What is required - In the entries that follow, find the line containing "10 CENTS 1979" and the line containing "Sterlingsilber Springendes Einhorn", then retype exactly the lines from the first through the second, pictures excluded.

Dataset records -
=-=-=
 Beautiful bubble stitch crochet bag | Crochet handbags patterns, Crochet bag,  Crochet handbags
=-=-=
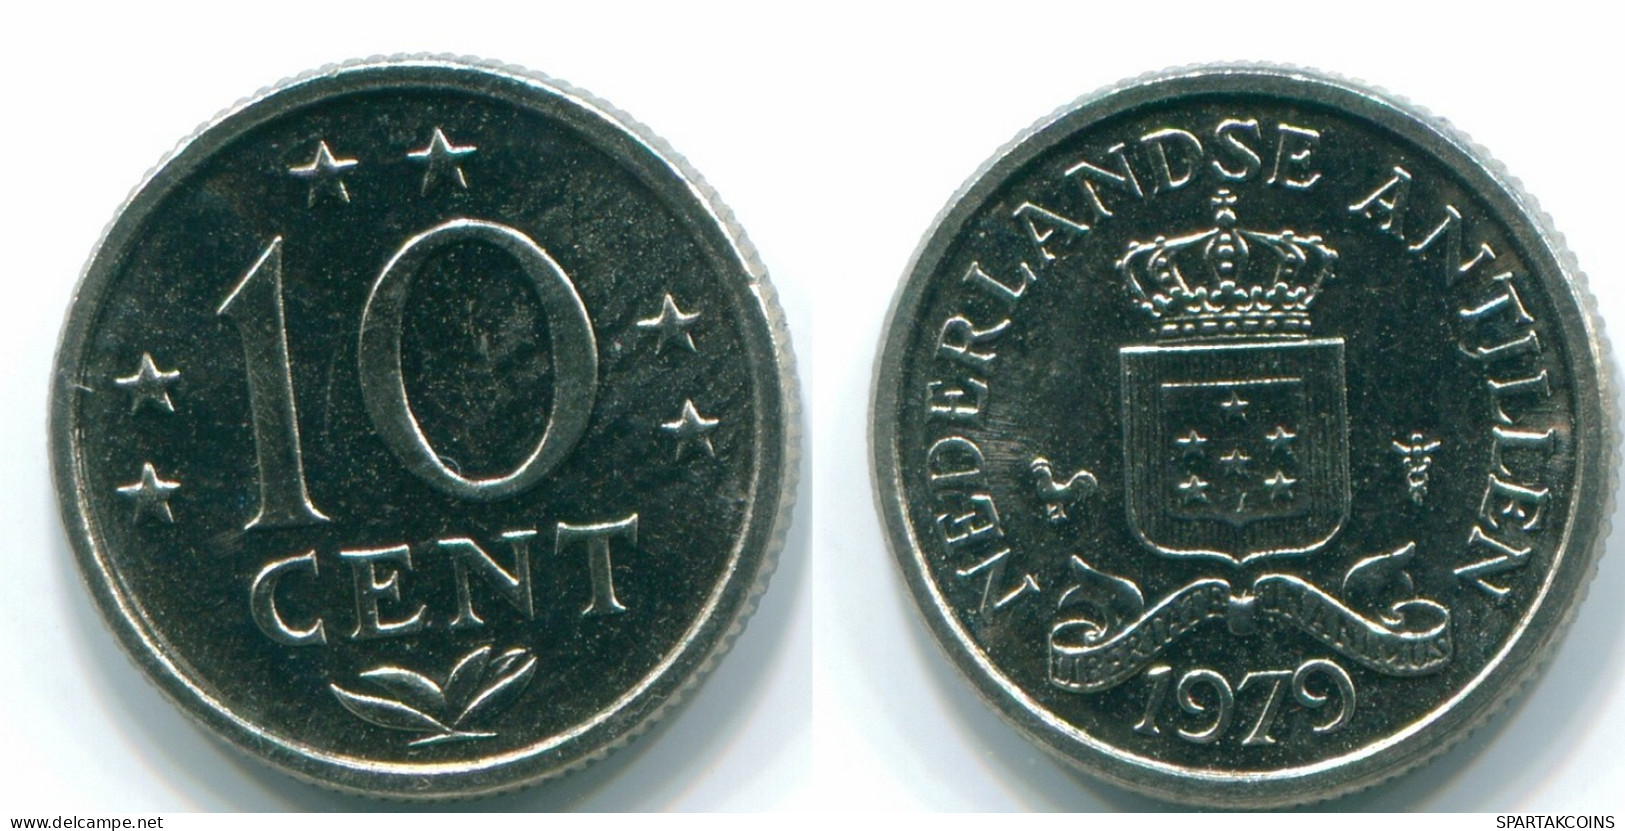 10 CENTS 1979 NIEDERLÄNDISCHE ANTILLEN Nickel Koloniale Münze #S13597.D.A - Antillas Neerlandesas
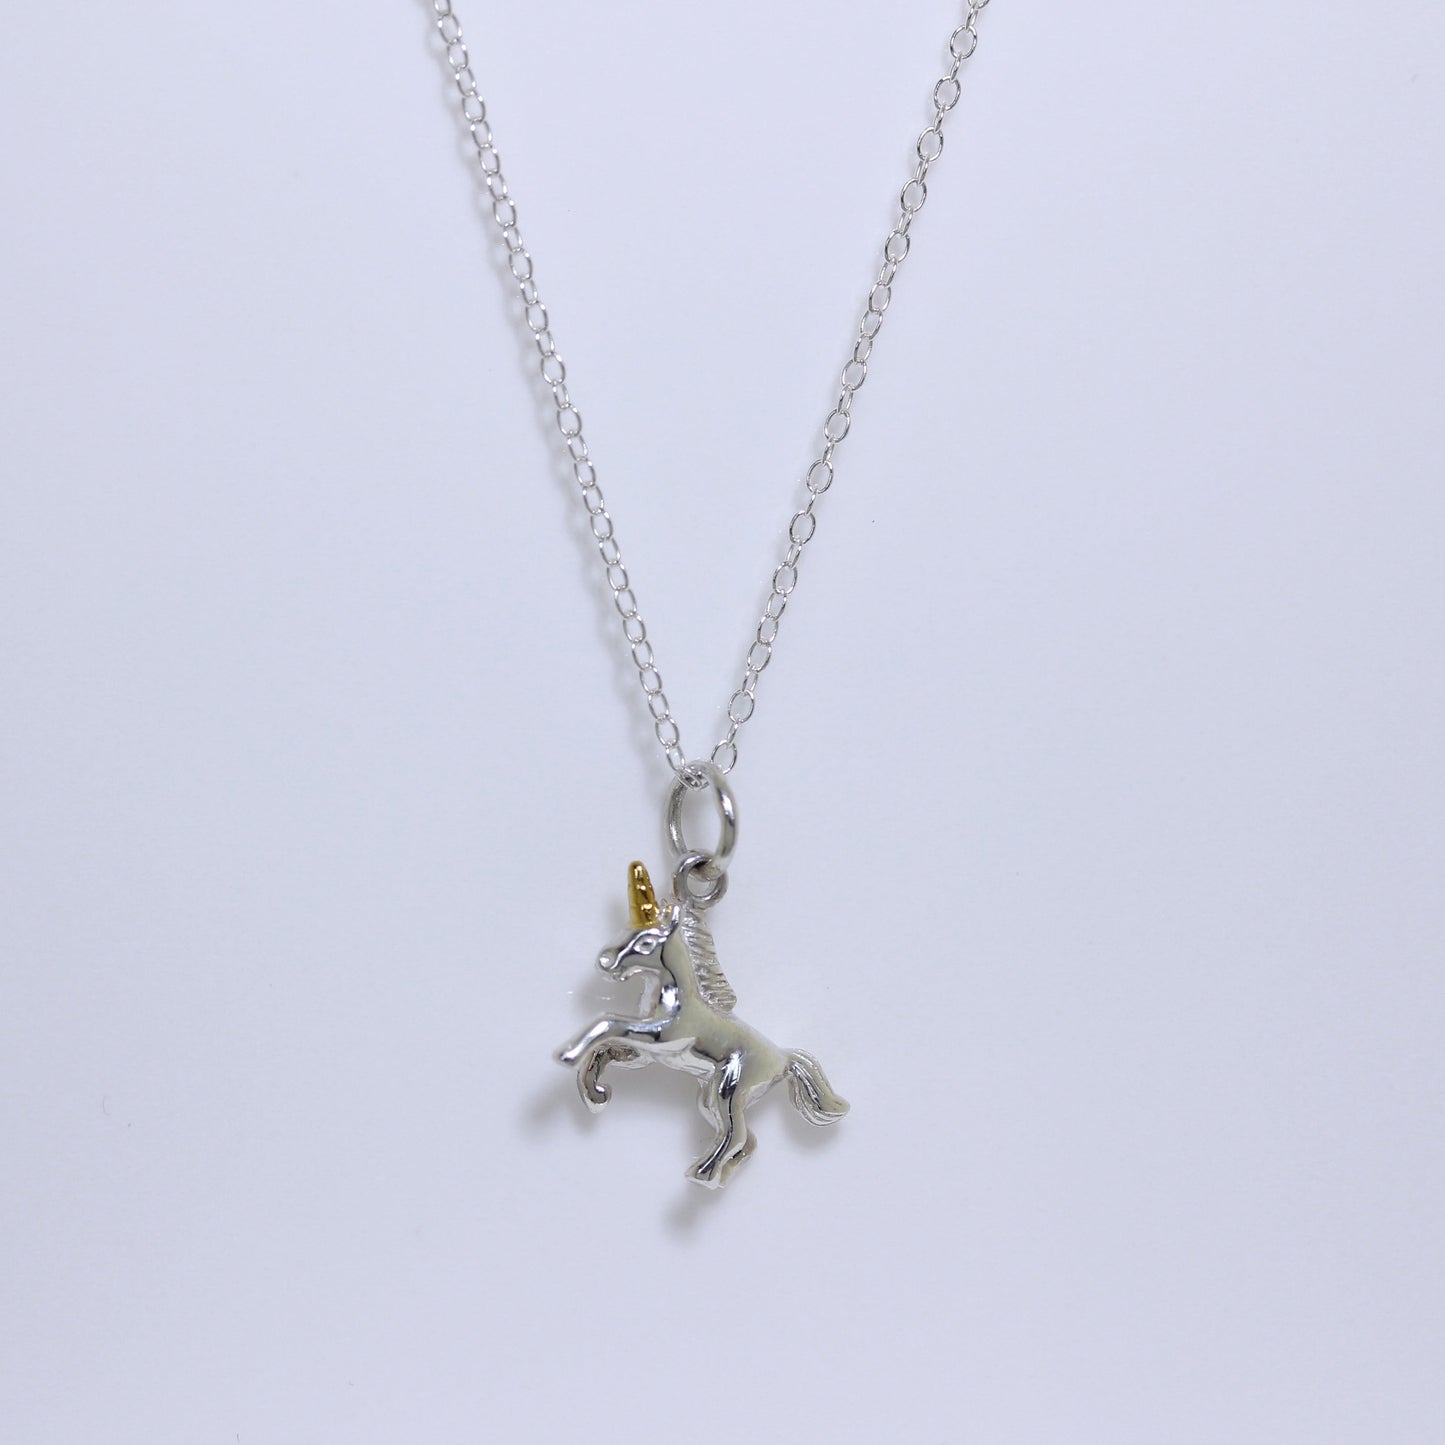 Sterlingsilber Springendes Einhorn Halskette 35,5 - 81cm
=-=-=
Written answer -
 10 CENTS 1979 NIEDERLÄNDISCHE ANTILLEN Nickel Koloniale Münze #S13597.D.A - Antillas Neerlandesas
 Sterlingsilber Springendes Einhorn Halskette 35,5 - 81cm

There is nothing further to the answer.